Are you running Docker (>= 18.06) or CRIO (>= 1.13+)?
Do you have i2c_core and ipmi_msghandler loaded on the nodes?
Did you apply the CRD (kubectl describe clusterpolicies --all-namespaces)
1. Issue or feature description
I am trying to install Nvidia GPU operator on a Openshift 4.9 cluster on IBM Cloud
Its a single node cluster - the node has 2x P100 cards and ample CPU/RAM/Storage.
I was able to install the operator from operatorhub smoothly (have tried versions 1.9, 1.10, 1.11)
When I try to create ClusterPolicy, it gets created but its status never becomes Ready.
2. Steps to reproduce the issue
Not sure
3. Information to attach (optional if deemed irrelevant)
I tried some of the troubleshooting methods on the Nvidia docs on this.
After creating the ClusterPolicy, in other clusters I would immediately see a lot of pods getting created in the Init state. But I only see the operator pod in the nvidia-gpu-operator namespace.
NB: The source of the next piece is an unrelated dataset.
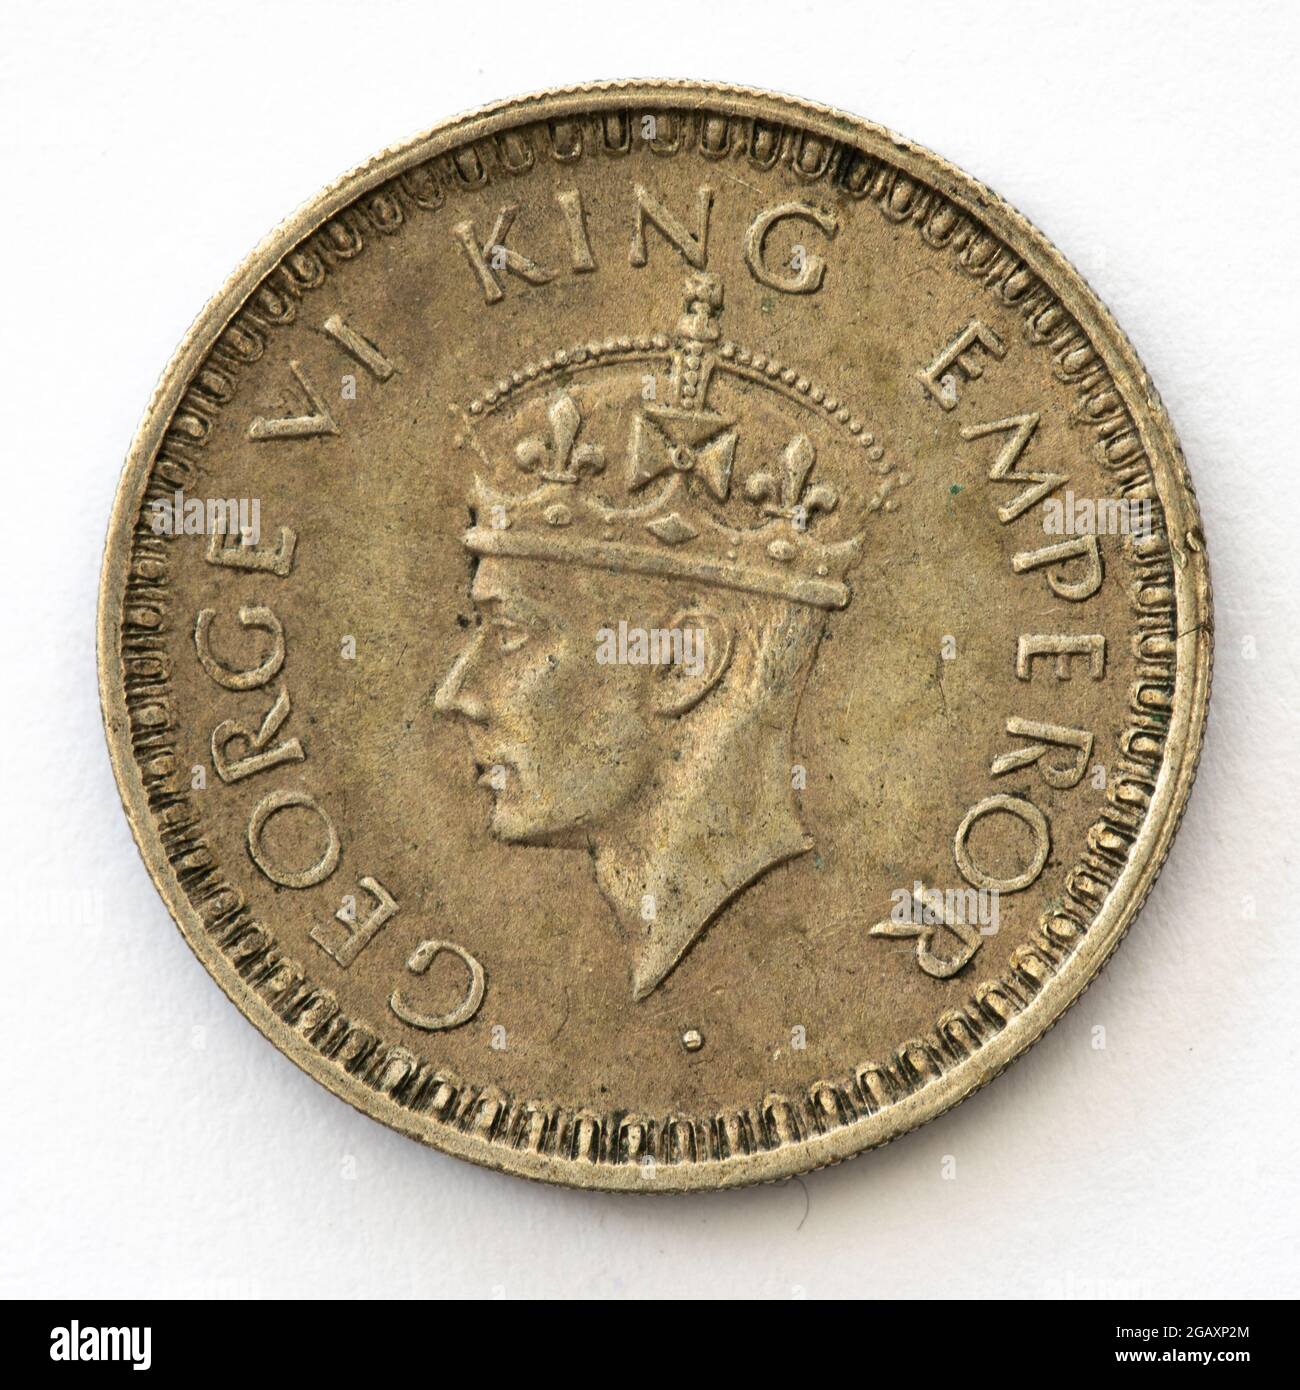 Moneta indiana pre-indipendenza una rupia con George 6th (1945) incisa da Percy Metcalfe. Coniò alla menta di Lahore. Foto Stock

I tried to see the operator logs using the command oc logs -f -n nvidia-gpu-operator -lapp=gpu-operator
I see a consistent error here:
I0701 11:31:15.012773 1 request.go:665] Waited for 1.000296617s due to client-side throttling, not priority and fairness, request: GET:https://172.21.0.1:443/apis/packages.operators.coreos.com/v1?timeout=32s
1.6566750761031365e+09 INFO controller-runtime.metrics Metrics server is starting to listen {"addr": ":8080"}
1.656675076103603e+09 INFO setup starting manager
1.6566750761038709e+09 INFO Starting server {"path": "/metrics", "kind": "metrics", "addr": "[::]:8080"}
1.656675076103909e+09 INFO Starting server {"kind": "health probe", "addr": "[::]:8081"}
I0701 11:31:16.103963 1 leaderelection.go:248] attempting to acquire leader lease nvidia-gpu-operator/53822513.nvidia.com...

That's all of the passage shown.